Raw data
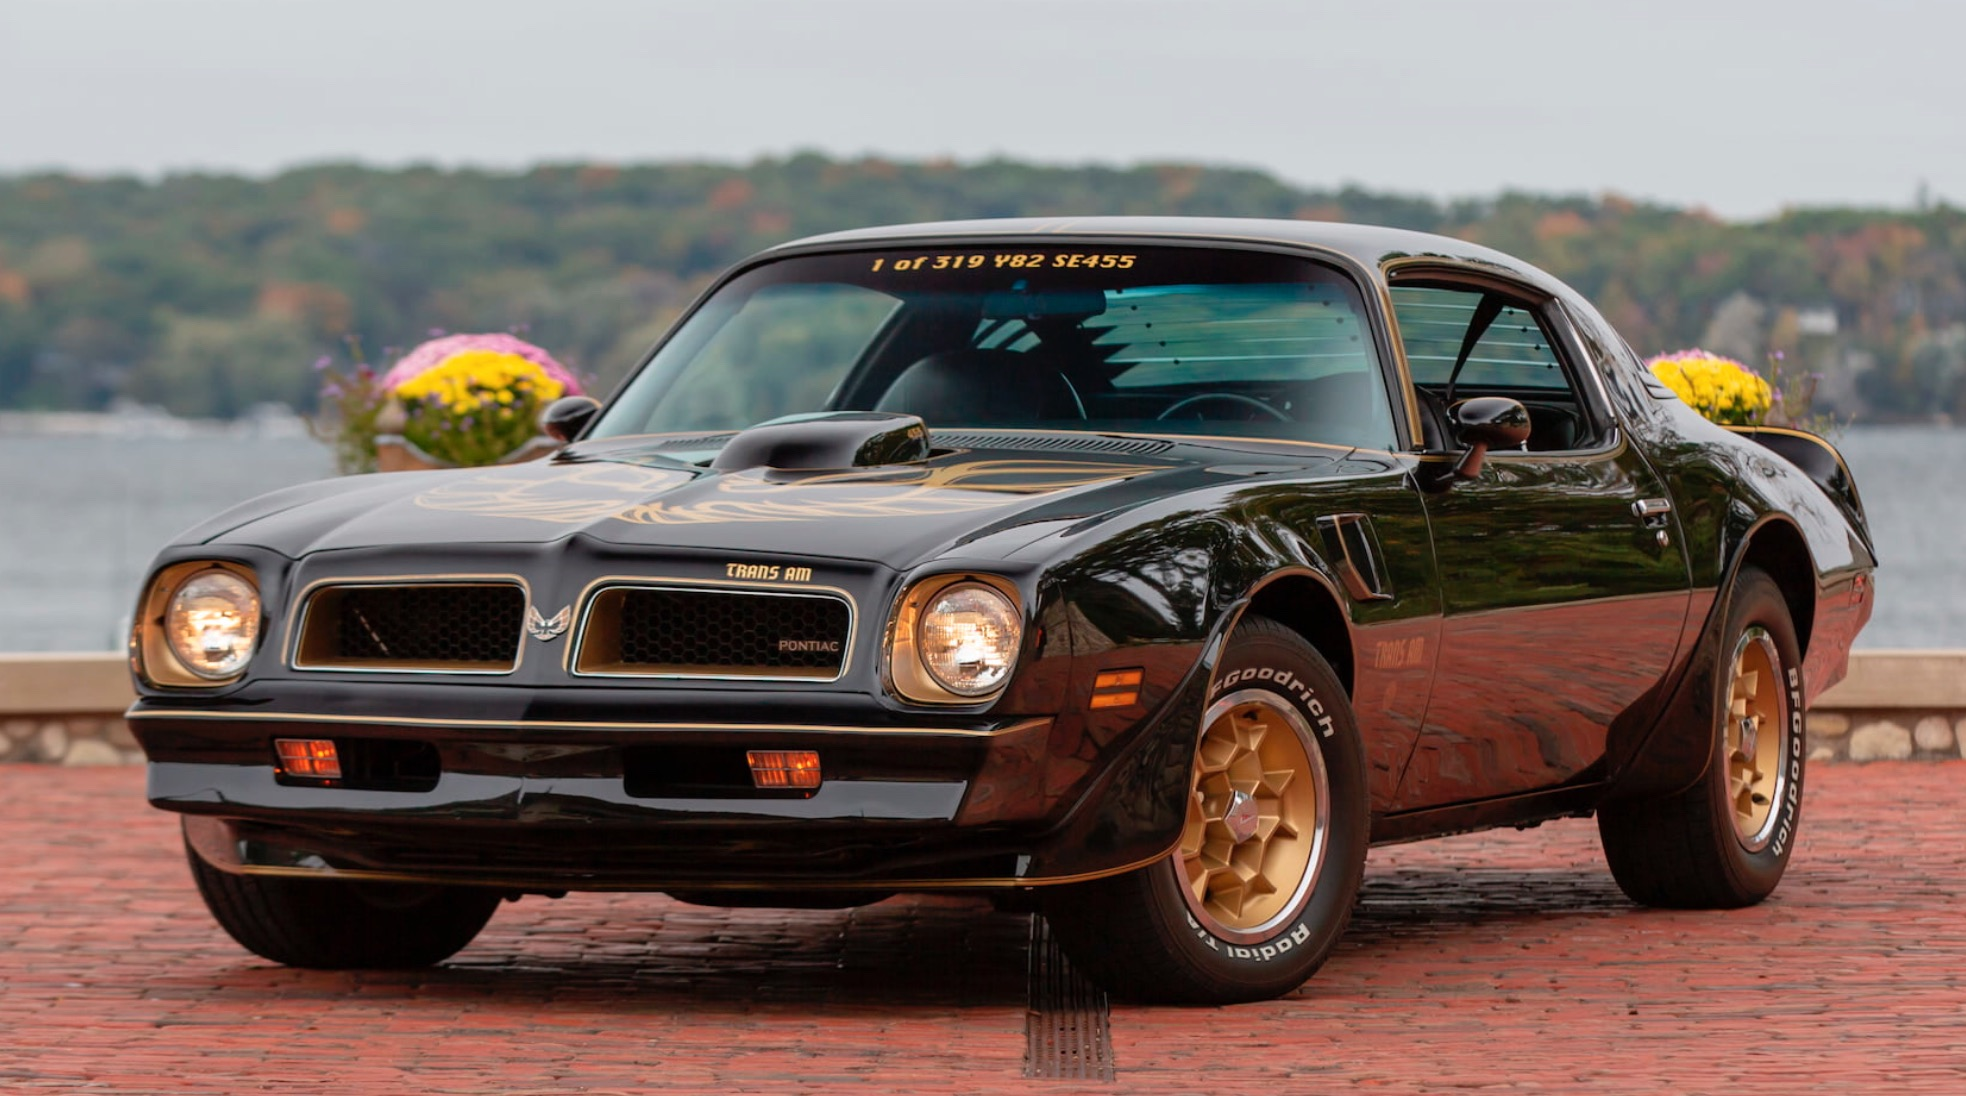 1976 Pontiac Firebird Trans Am 50th Anniversary
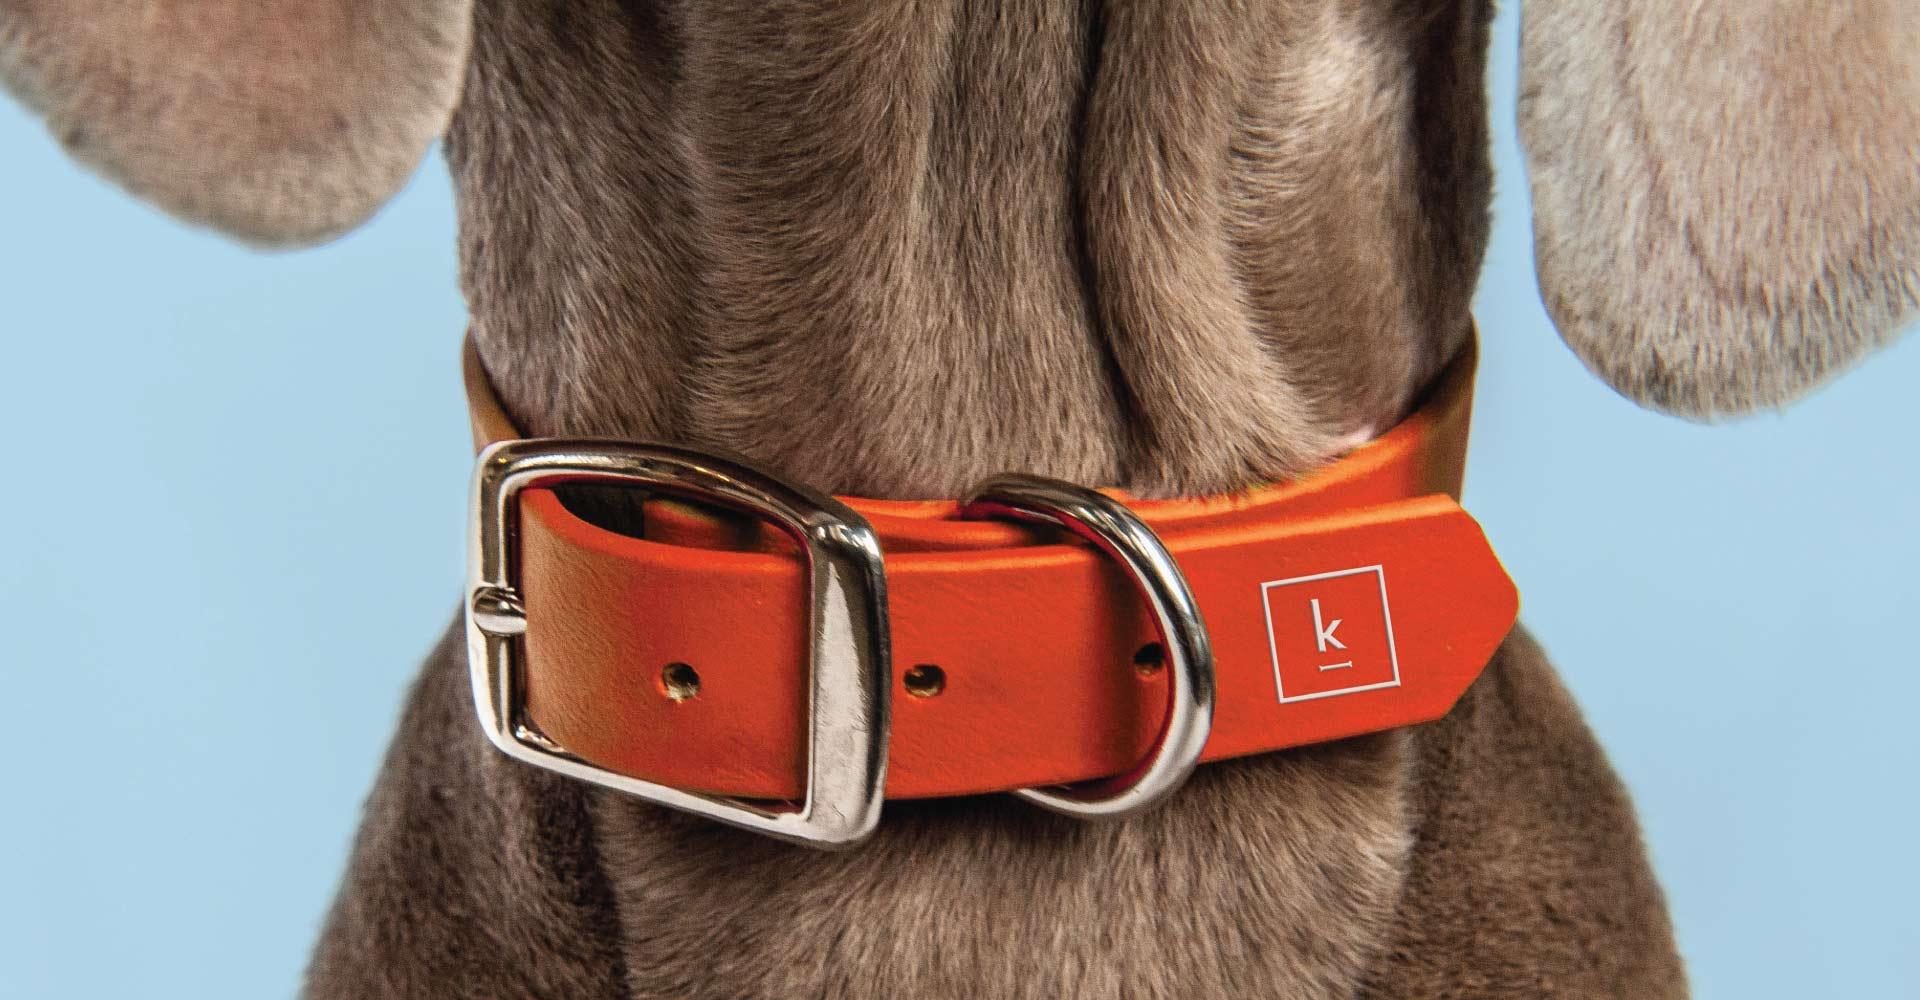 Creative_Retail_Packaging_Branding_Identity_Design_Klementime_03.jpg
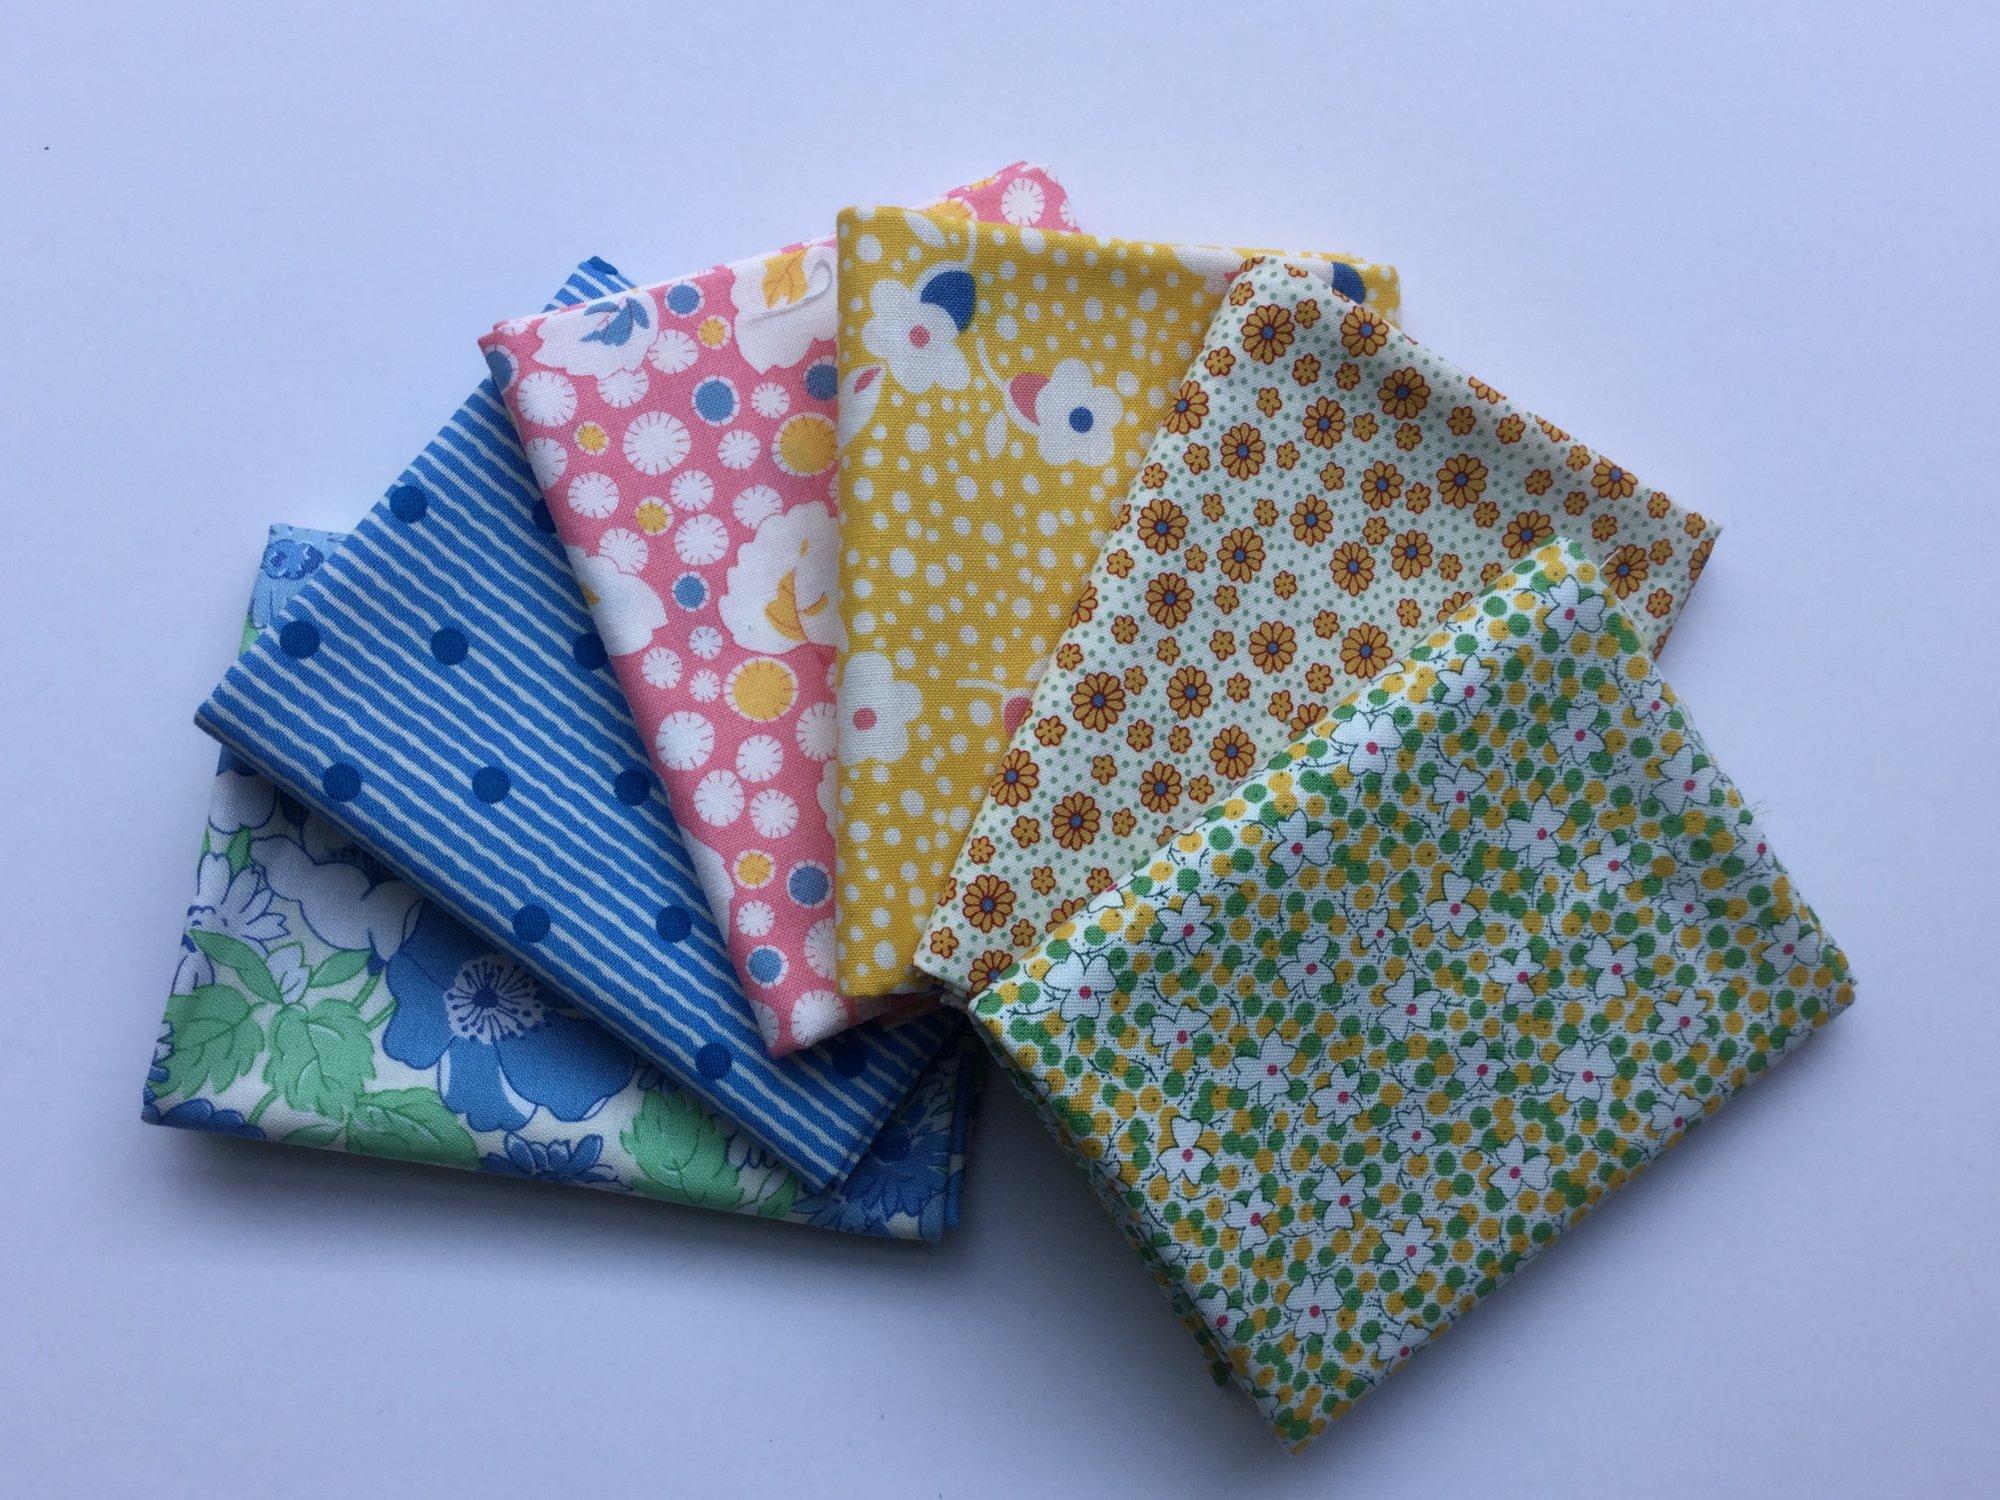 Fat Quarter Bundle - Reproduction Civil War fabrics  - Large Mixed Bundle of 10

Task description
The copy must match every line of the data exactly and contain no pictures.

Problem solution
 1976 Pontiac Firebird Trans Am 50th Anniversary
 Creative_Retail_Packaging_Branding_Identity_Design_Klementime_03.jpg
 Fat Quarter Bundle - Reproduction Civil War fabrics  - Large Mixed Bundle of 10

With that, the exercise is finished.